**What needs to be done**. Word for word, restate the listing; omit the pictures.

##### Data block

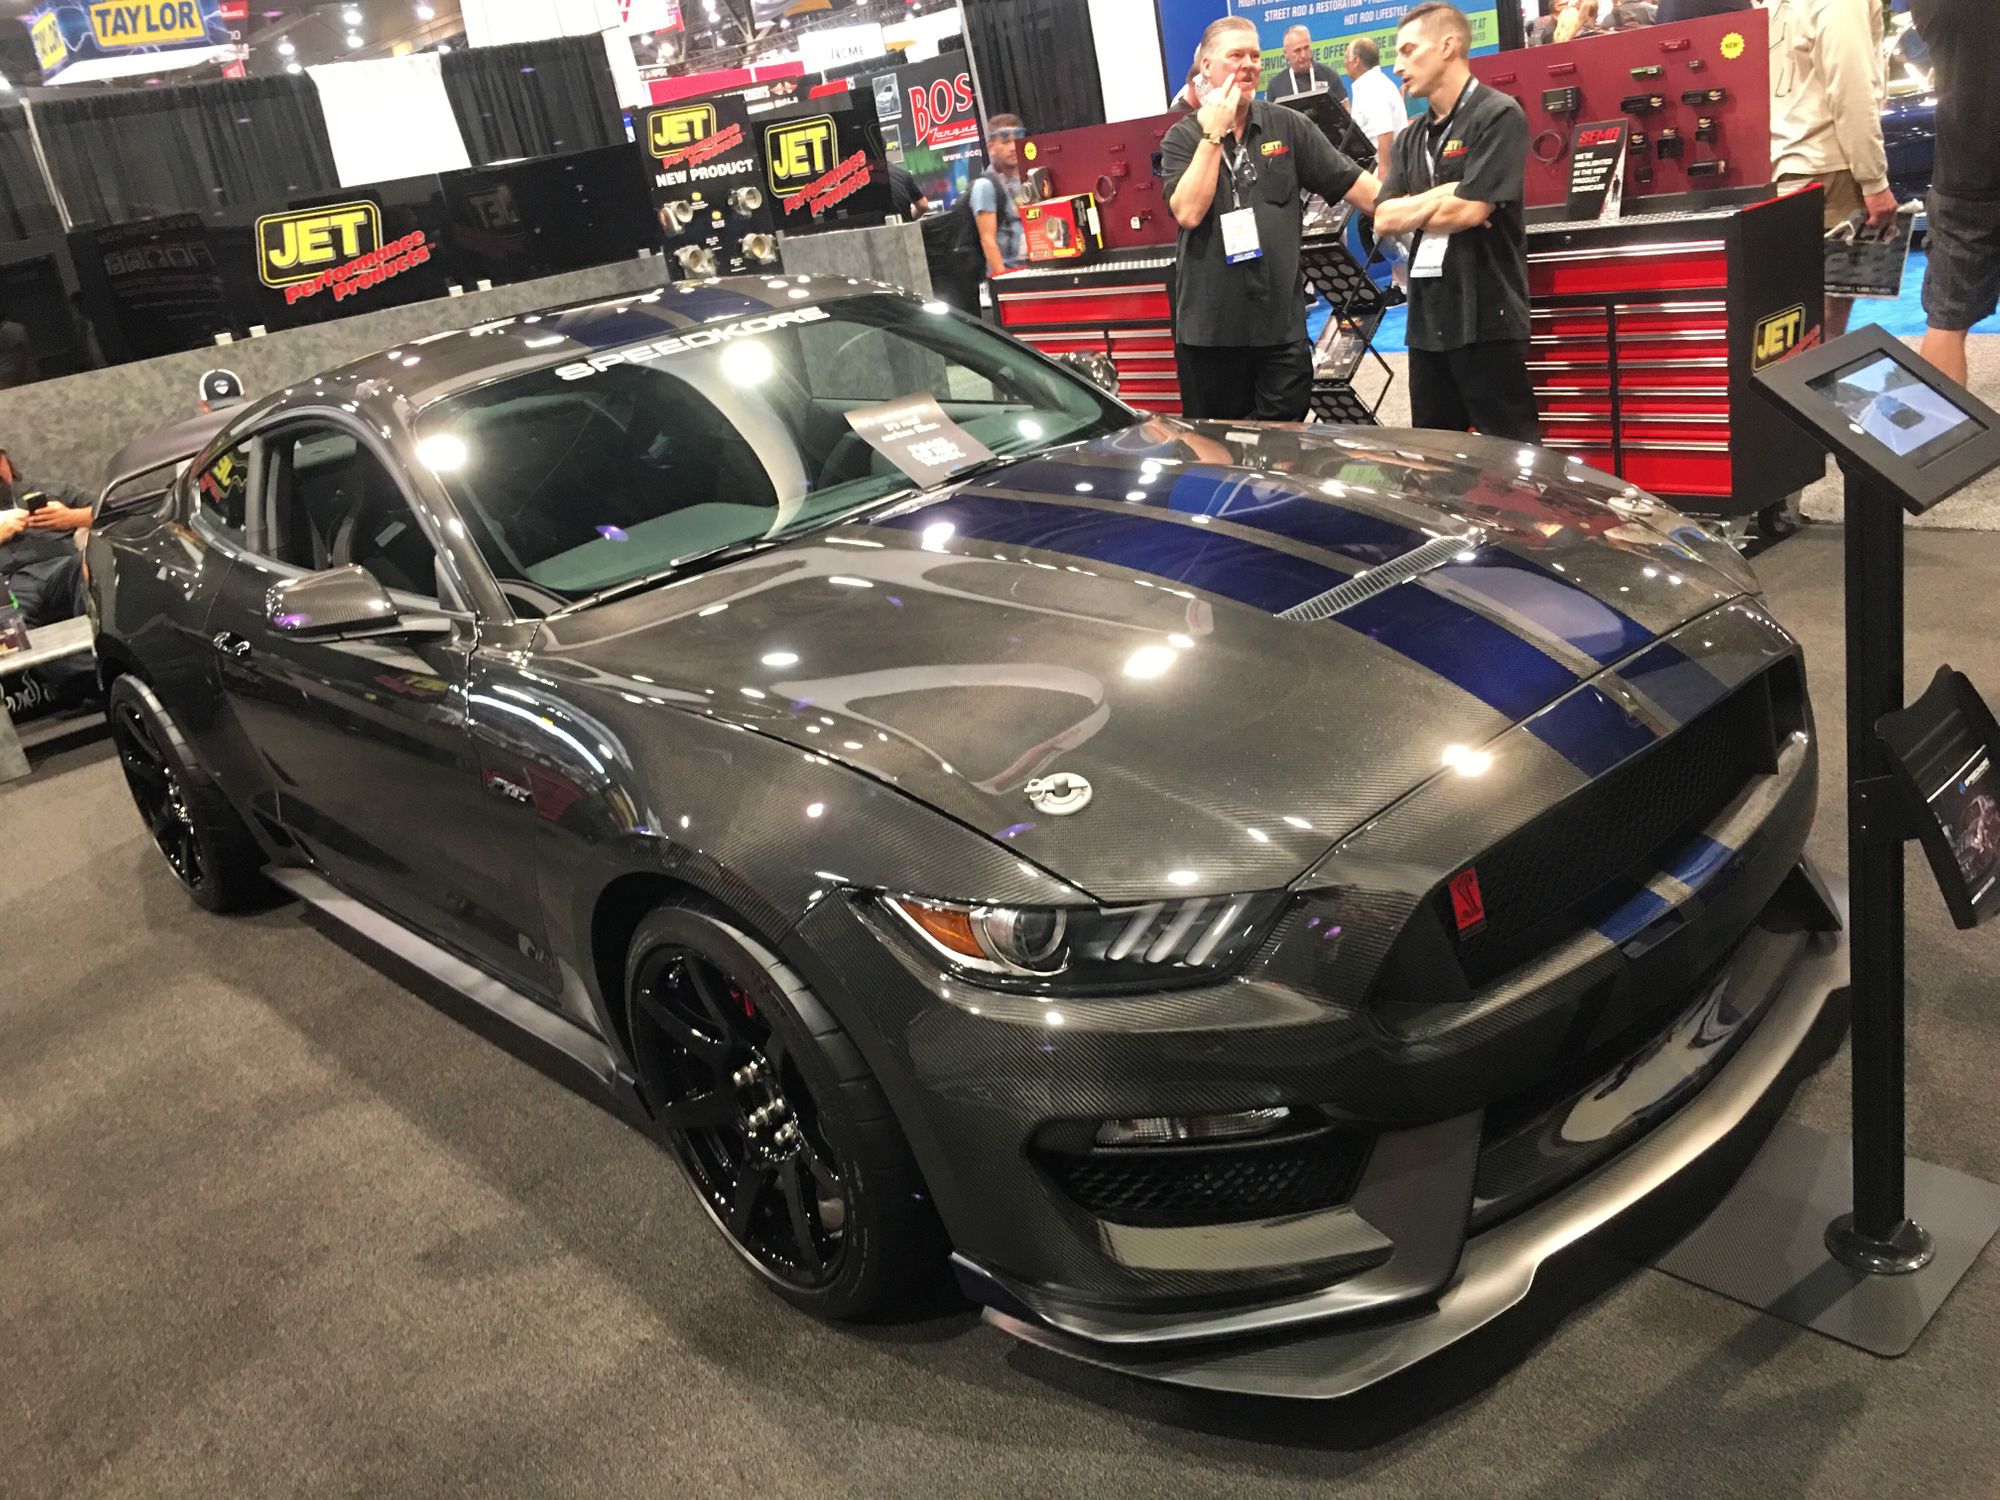 <img src="IMG_3892.jpg" alt="A Shelby GT350 Ford Mustang at SEMA">
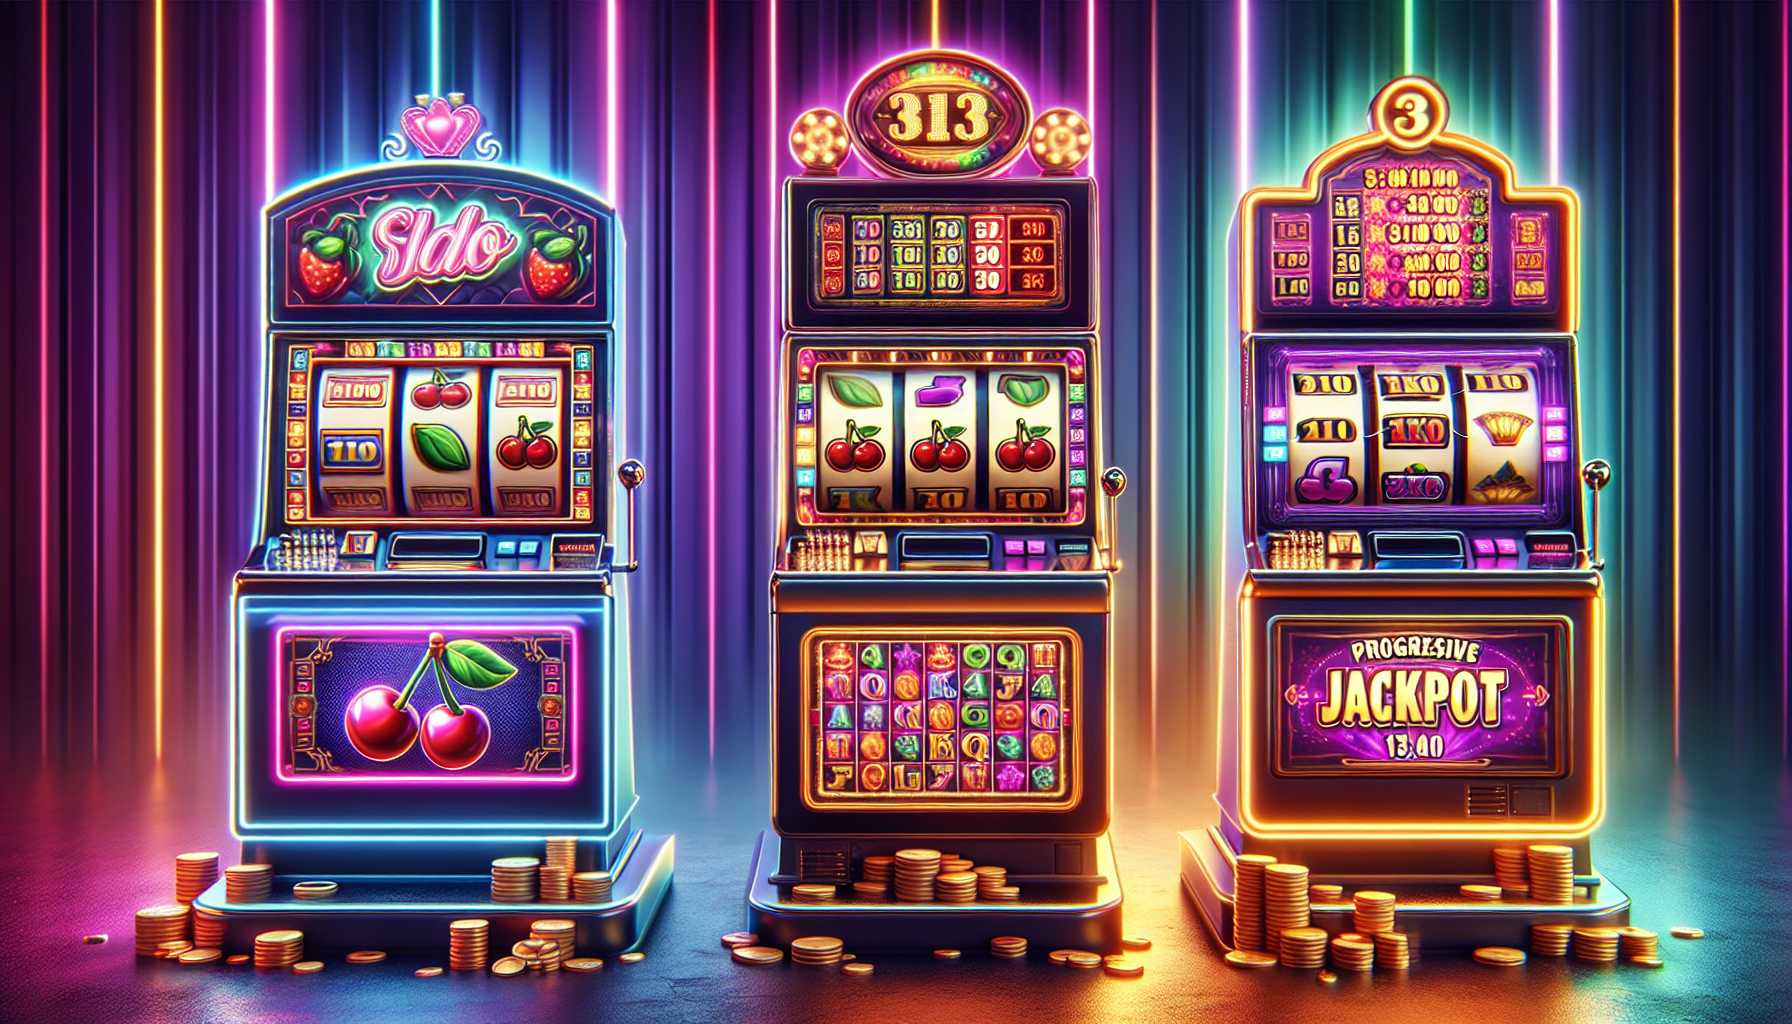 Illustration of various types of online slots including classic three-reel slots, video slots, and progressive jackpot slots
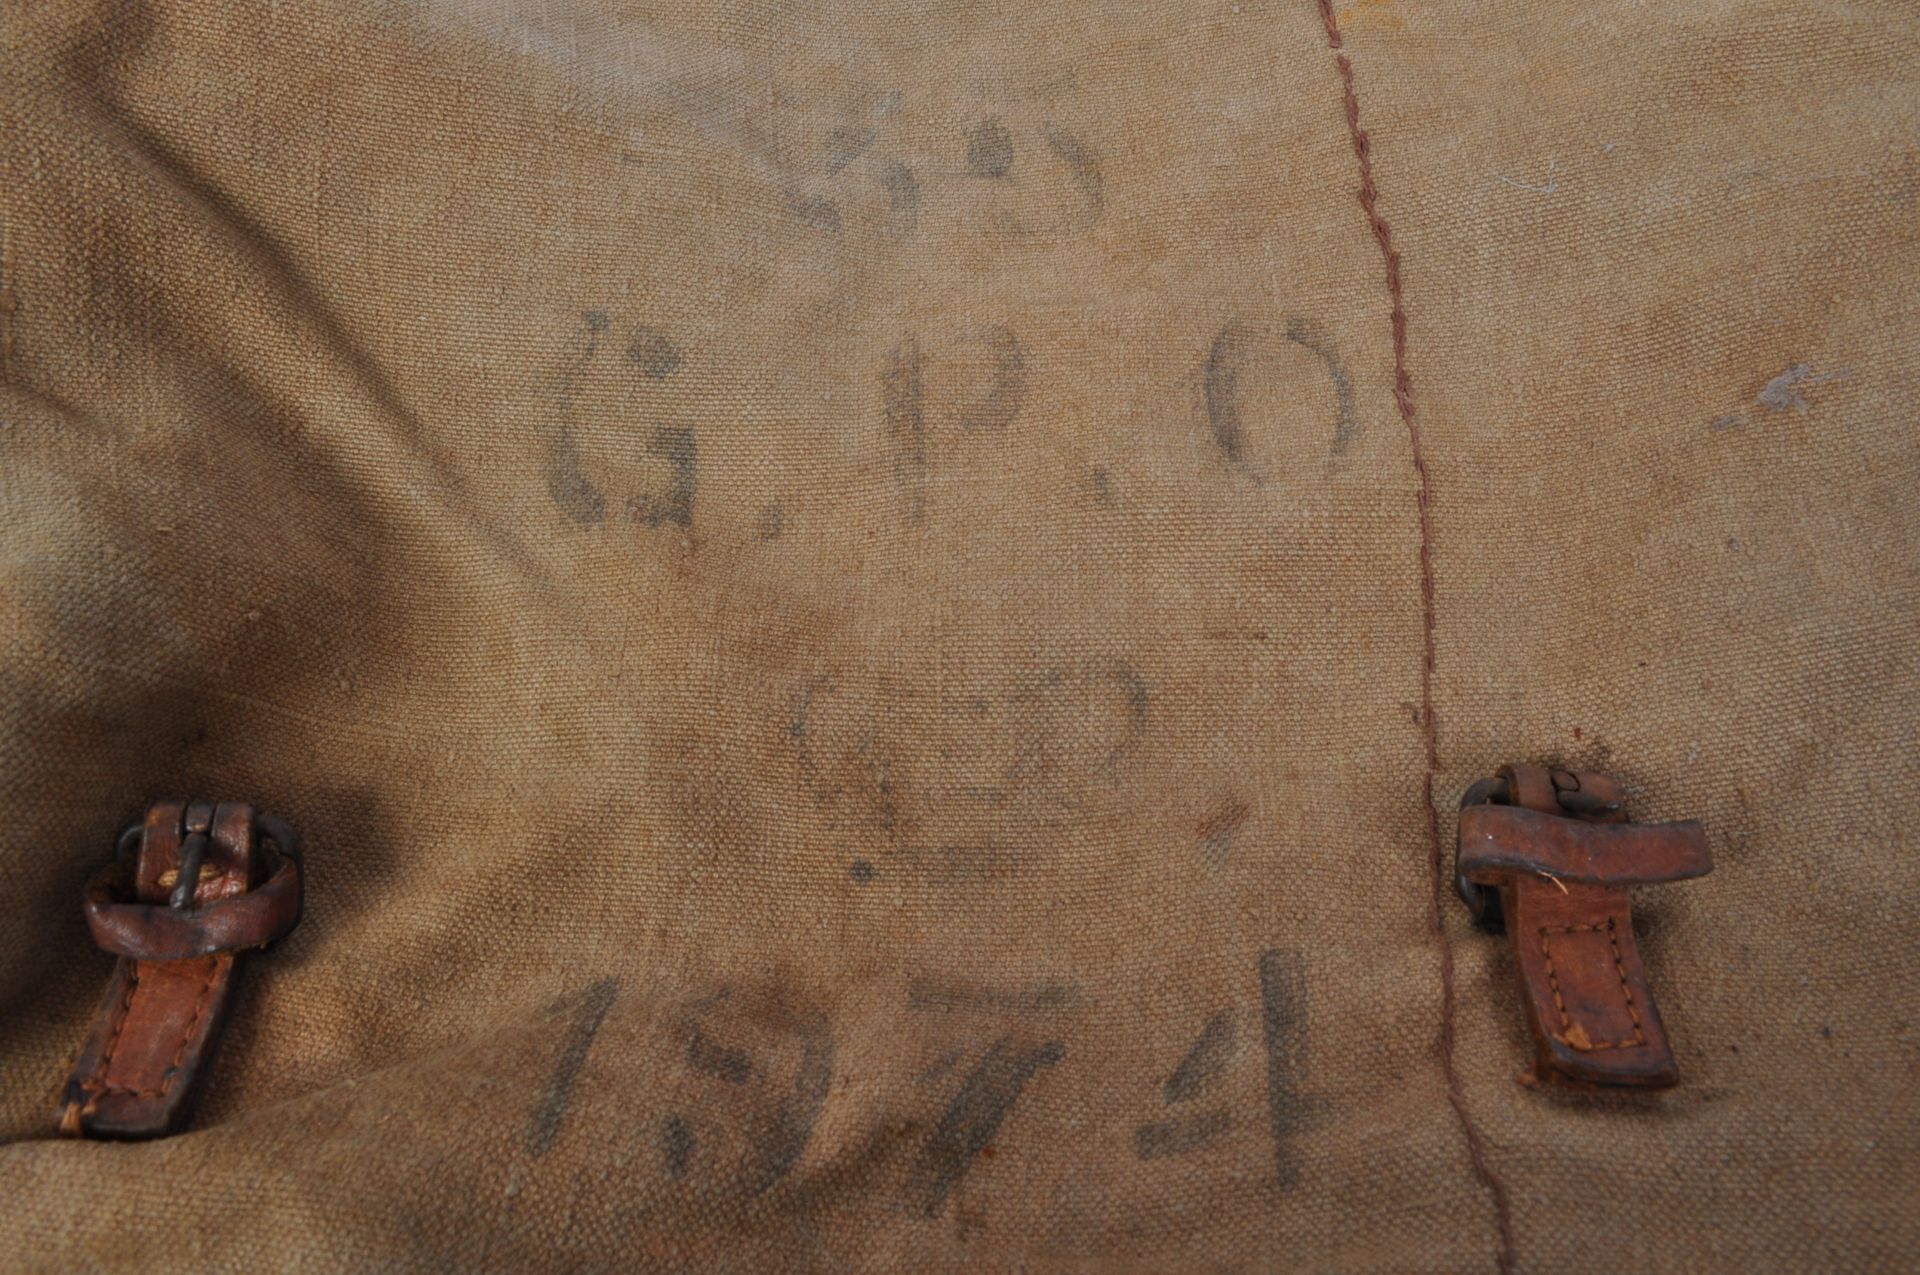 1974 GENERAL POST OFFICE CANVAS JUTE BAG - Image 3 of 5

##########

**Answer space**.
 <img src="IMG_3892.jpg" alt="A Shelby GT350 Ford Mustang at SEMA">
 Illustration of various types of online slots including classic three-reel slots, video slots, and progressive jackpot slots
 1974 GENERAL POST OFFICE CANVAS JUTE BAG - Image 3 of 5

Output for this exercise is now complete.